**TRY IT**
Copy, pictures aside: the lines below from the one that holds "Air Jordan 4 Fiba Red / Size 12" through the final line of the listing, both ends included, exactly as they are and nothing else.

**SUPPLIED MATERIAL**

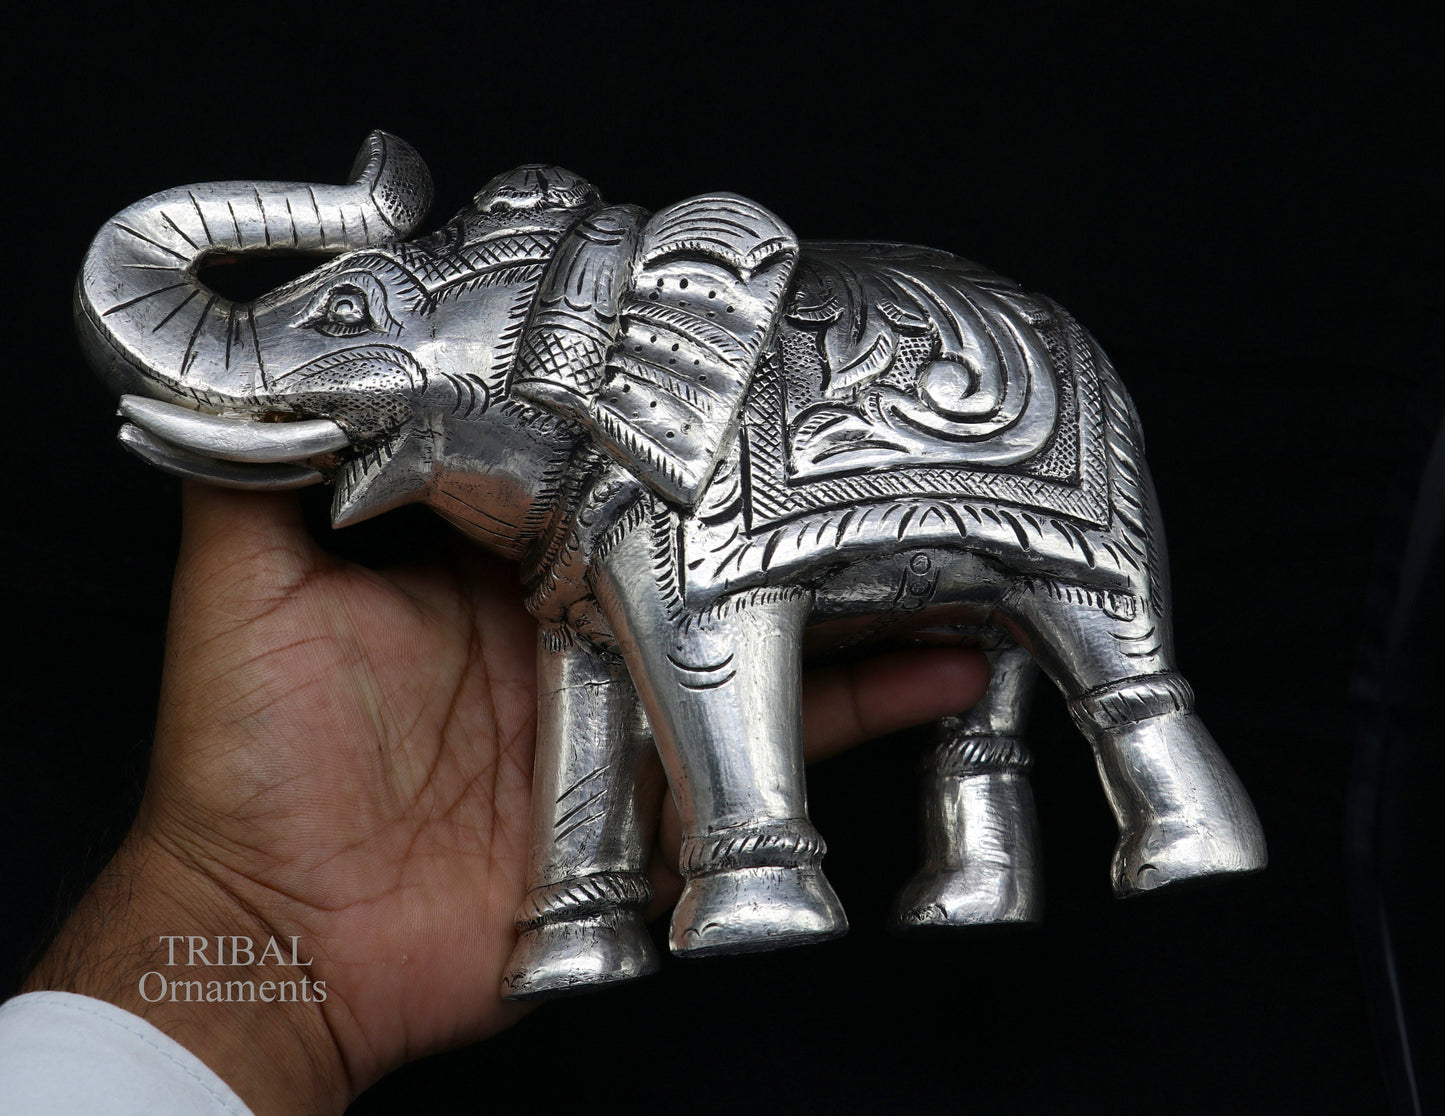 999 fine silver handcrafted Nakshi design wooden base upper trunk Elephant statue puja article figurine for wealth & prosperity art533 - TRIBAL ORNAMENTS
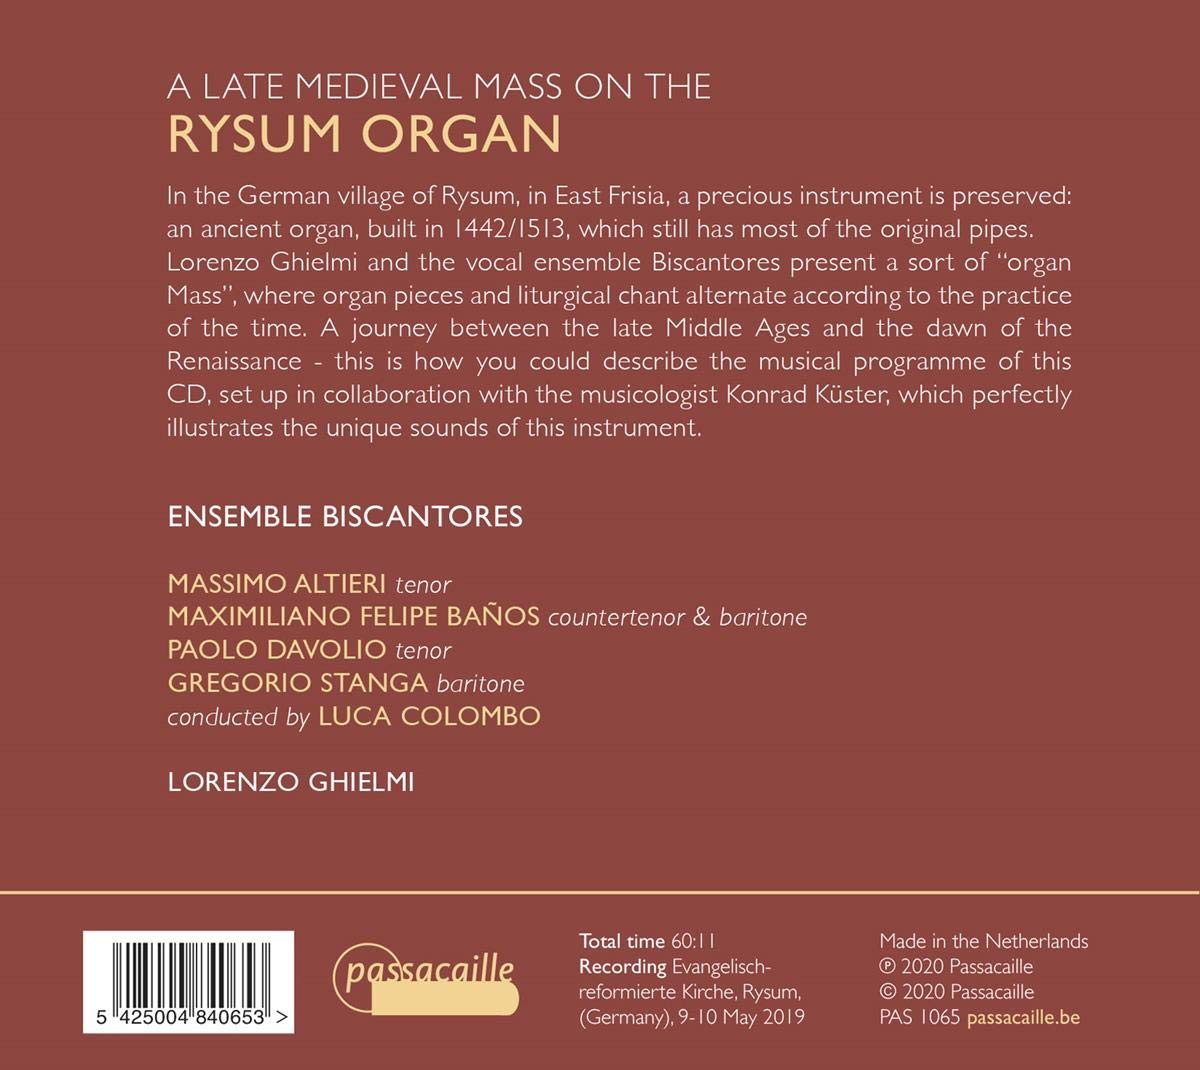 Lorenzo Ghielmi 리줌 오르간과 함께 연주하는 후기 중세 미사곡 (A Late Medieval Mass On the Rysum Organ)
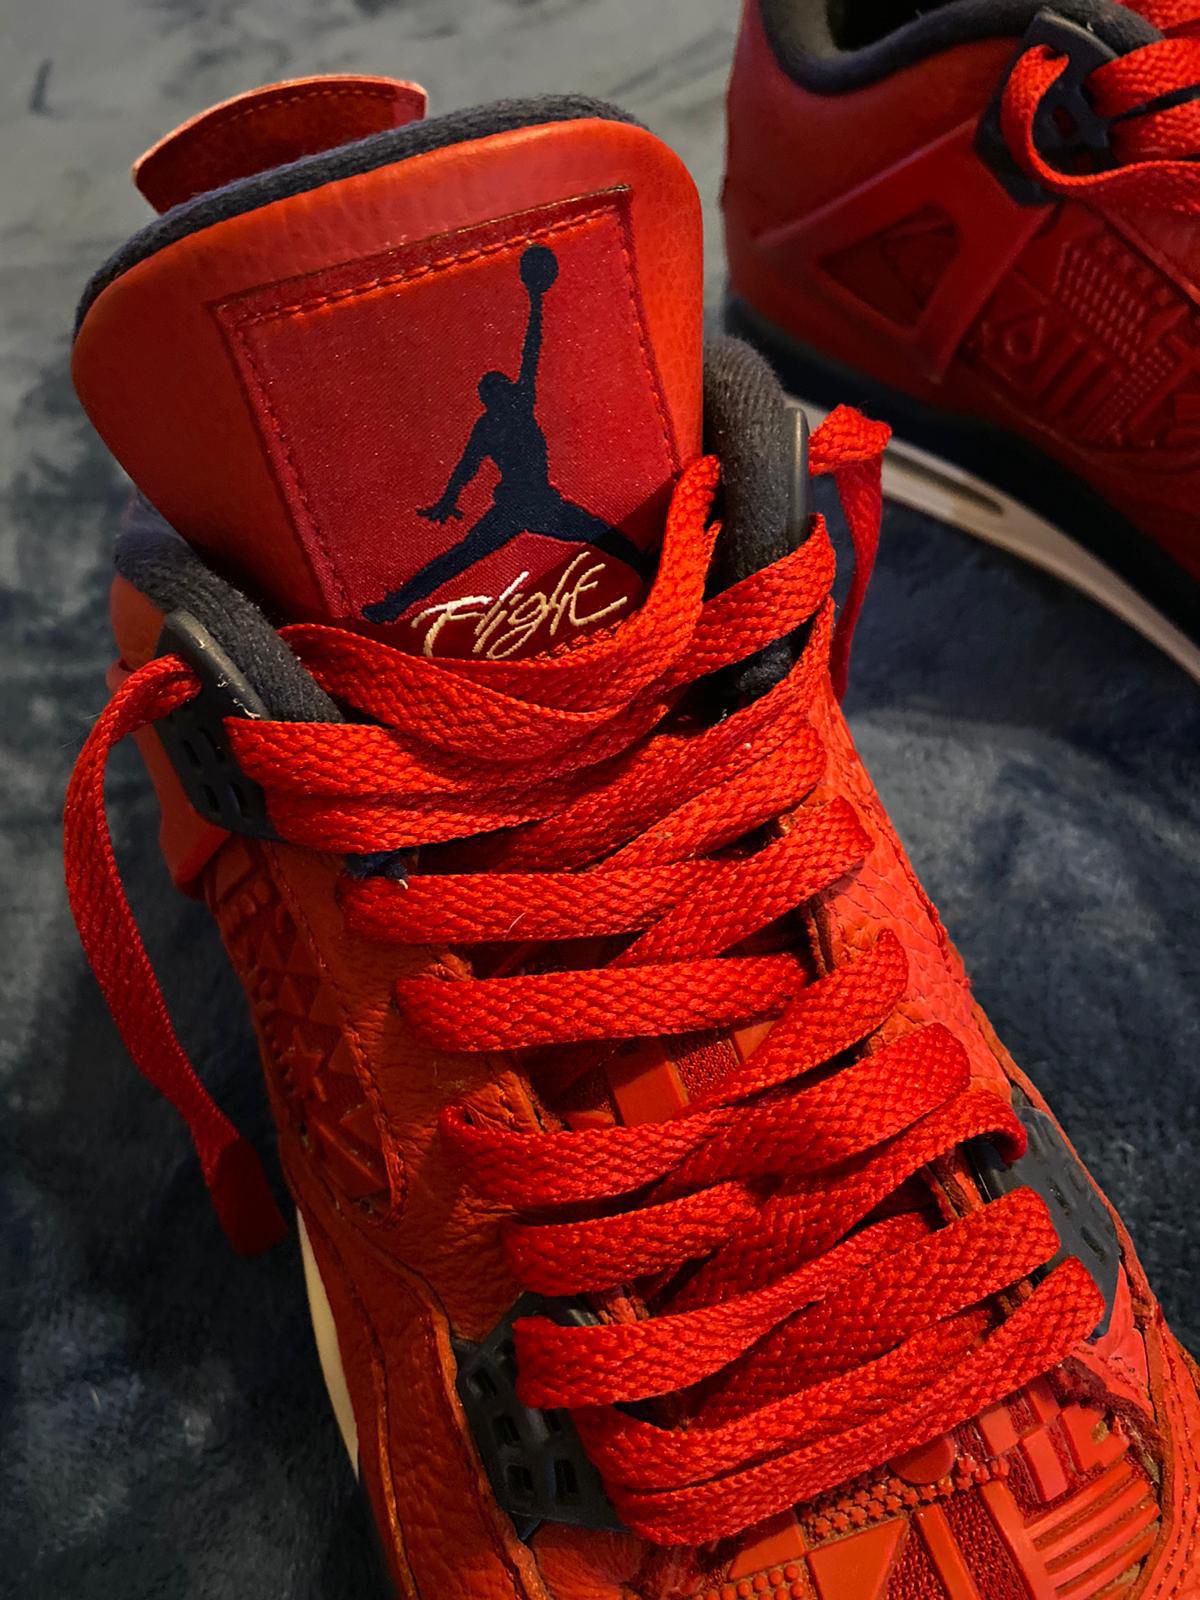 Air Jordan 4 Fiba Red / Size 12
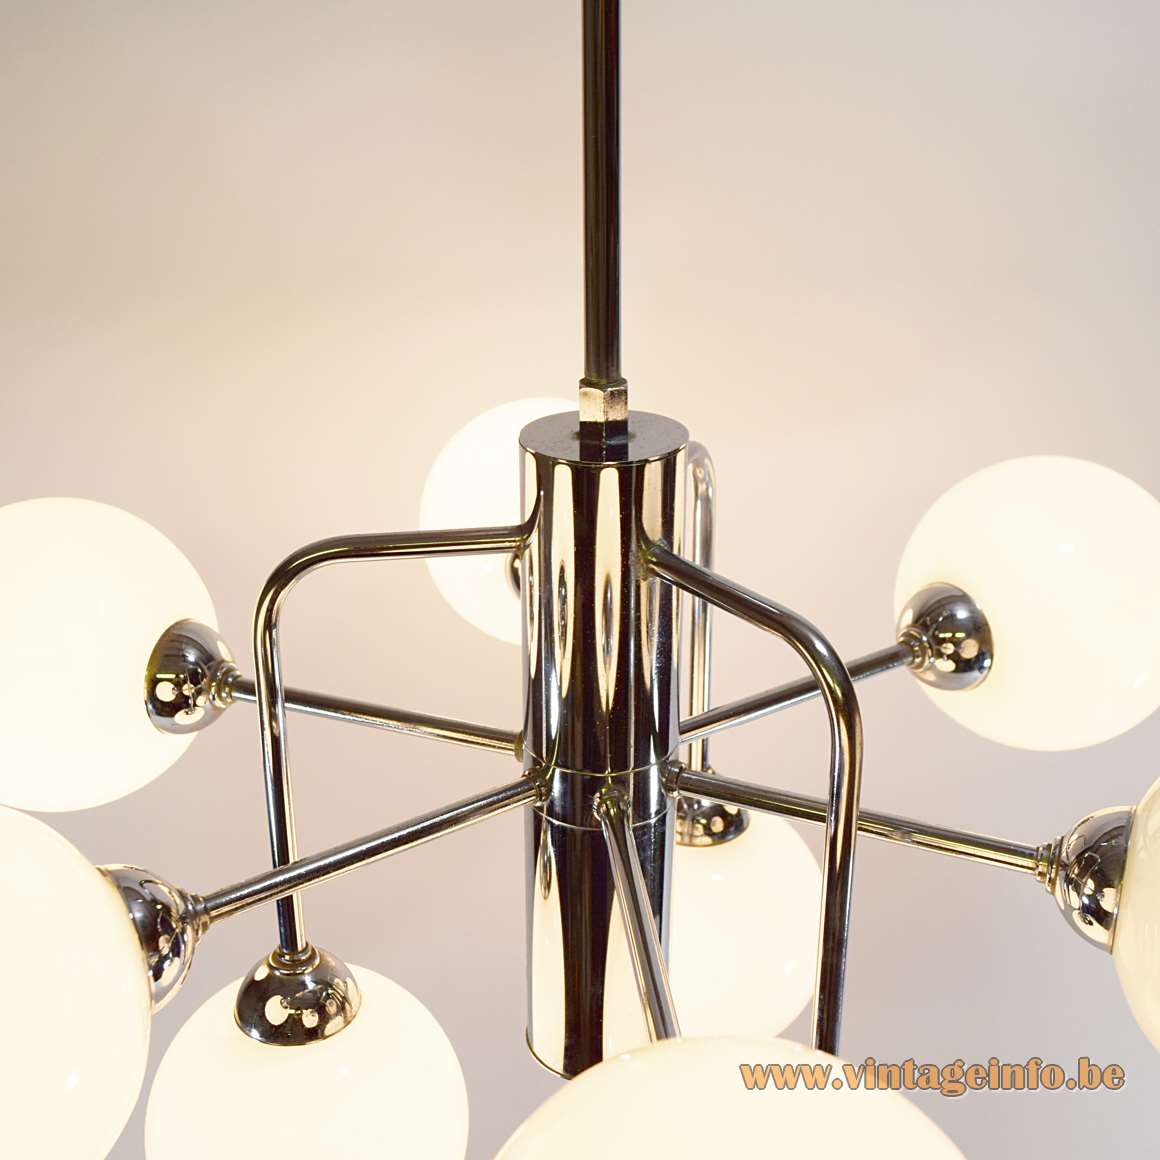 Atomic Globes Chandelier - Sptunik lamp made by Massive Belgium

**ANSWER**
 Air Jordan 4 Fiba Red / Size 12
 Atomic Globes Chandelier - Sptunik lamp made by Massive Belgium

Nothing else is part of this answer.